The task
Only these lines of the data below are wanted: the one with "CB Made in Italy", the one with "Protesters stand outside", and any lines between them, each repeated exactly.
*** Opening Task input ***
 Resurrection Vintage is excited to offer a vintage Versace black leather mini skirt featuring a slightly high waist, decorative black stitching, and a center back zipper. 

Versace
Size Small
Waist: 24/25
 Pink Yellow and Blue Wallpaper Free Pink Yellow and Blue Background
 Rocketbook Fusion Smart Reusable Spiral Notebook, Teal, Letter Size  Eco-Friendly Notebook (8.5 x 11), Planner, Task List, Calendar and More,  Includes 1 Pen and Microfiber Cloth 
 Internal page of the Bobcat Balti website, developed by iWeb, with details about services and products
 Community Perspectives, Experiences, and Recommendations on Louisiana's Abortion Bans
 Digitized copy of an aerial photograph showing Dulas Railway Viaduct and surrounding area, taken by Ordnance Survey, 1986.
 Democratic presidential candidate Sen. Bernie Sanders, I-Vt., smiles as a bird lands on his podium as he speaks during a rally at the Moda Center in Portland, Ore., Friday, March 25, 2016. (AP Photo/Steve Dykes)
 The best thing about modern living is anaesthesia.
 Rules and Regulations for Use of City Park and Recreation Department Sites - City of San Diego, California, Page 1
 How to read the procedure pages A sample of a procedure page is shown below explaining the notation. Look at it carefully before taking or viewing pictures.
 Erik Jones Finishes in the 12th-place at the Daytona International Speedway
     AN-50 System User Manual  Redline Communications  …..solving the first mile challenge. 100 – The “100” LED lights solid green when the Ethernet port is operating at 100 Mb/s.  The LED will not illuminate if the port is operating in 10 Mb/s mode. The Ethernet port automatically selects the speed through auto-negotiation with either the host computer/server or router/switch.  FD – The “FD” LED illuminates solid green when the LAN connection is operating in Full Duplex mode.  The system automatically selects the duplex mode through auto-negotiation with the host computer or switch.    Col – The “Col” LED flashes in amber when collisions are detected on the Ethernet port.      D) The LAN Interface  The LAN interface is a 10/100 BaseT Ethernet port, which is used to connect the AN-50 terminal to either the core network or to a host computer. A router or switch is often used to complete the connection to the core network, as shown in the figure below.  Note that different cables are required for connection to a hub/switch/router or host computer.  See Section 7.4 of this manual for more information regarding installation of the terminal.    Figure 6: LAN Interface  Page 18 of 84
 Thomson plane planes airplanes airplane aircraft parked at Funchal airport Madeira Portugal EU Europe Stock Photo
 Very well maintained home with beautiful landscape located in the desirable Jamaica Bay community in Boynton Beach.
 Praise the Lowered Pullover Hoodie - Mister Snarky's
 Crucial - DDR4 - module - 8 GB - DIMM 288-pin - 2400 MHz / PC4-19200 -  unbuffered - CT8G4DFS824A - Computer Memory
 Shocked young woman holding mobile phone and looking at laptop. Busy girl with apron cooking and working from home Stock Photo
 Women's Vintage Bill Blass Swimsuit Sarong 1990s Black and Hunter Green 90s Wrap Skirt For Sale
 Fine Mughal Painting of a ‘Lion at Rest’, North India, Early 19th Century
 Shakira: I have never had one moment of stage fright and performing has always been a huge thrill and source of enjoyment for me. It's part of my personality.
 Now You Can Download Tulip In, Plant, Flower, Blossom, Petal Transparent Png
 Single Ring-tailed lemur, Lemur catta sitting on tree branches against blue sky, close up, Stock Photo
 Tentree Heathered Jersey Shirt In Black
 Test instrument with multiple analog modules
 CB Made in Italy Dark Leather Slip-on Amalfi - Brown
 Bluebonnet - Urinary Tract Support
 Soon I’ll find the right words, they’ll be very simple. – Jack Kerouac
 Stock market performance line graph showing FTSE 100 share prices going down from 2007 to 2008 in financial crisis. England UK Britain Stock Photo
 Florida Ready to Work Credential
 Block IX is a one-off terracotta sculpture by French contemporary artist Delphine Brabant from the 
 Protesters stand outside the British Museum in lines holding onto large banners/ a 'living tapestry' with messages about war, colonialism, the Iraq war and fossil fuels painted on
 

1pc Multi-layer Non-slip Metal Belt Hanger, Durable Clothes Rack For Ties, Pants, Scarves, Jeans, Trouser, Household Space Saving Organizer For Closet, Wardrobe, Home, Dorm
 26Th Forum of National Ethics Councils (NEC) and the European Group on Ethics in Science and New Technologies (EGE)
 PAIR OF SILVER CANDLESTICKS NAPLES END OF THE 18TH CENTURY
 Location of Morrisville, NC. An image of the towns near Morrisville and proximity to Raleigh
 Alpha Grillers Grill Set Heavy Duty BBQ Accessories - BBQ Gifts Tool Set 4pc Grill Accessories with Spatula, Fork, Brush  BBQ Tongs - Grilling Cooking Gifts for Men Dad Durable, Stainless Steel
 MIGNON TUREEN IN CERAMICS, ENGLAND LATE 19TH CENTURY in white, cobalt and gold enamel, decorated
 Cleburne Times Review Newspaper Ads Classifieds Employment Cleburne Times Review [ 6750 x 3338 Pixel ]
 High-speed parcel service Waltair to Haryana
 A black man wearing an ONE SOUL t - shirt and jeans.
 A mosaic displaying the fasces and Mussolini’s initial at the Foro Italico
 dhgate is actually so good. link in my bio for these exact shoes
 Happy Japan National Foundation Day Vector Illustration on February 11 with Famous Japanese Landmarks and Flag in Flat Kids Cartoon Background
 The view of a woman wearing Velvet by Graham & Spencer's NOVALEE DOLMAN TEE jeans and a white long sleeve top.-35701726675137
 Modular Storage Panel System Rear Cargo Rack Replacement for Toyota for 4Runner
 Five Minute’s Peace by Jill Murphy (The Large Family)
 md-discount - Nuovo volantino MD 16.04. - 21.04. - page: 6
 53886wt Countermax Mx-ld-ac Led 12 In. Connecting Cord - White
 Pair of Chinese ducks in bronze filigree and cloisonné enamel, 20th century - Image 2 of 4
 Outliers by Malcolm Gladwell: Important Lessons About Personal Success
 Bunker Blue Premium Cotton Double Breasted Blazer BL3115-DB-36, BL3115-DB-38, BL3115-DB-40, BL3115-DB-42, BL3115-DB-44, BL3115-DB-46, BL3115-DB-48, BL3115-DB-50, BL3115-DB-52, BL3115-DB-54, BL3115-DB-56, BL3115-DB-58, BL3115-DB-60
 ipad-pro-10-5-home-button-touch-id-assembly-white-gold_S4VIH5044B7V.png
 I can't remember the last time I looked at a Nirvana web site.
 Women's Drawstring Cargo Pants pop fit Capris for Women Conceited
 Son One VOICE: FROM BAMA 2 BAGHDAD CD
*** Closing Task input ***
Your solution
 CB Made in Italy Dark Leather Slip-on Amalfi - Brown
 Bluebonnet - Urinary Tract Support
 Soon I’ll find the right words, they’ll be very simple. – Jack Kerouac
 Stock market performance line graph showing FTSE 100 share prices going down from 2007 to 2008 in financial crisis. England UK Britain Stock Photo
 Florida Ready to Work Credential
 Block IX is a one-off terracotta sculpture by French contemporary artist Delphine Brabant from the 
 Protesters stand outside the British Museum in lines holding onto large banners/ a 'living tapestry' with messages about war, colonialism, the Iraq war and fossil fuels painted on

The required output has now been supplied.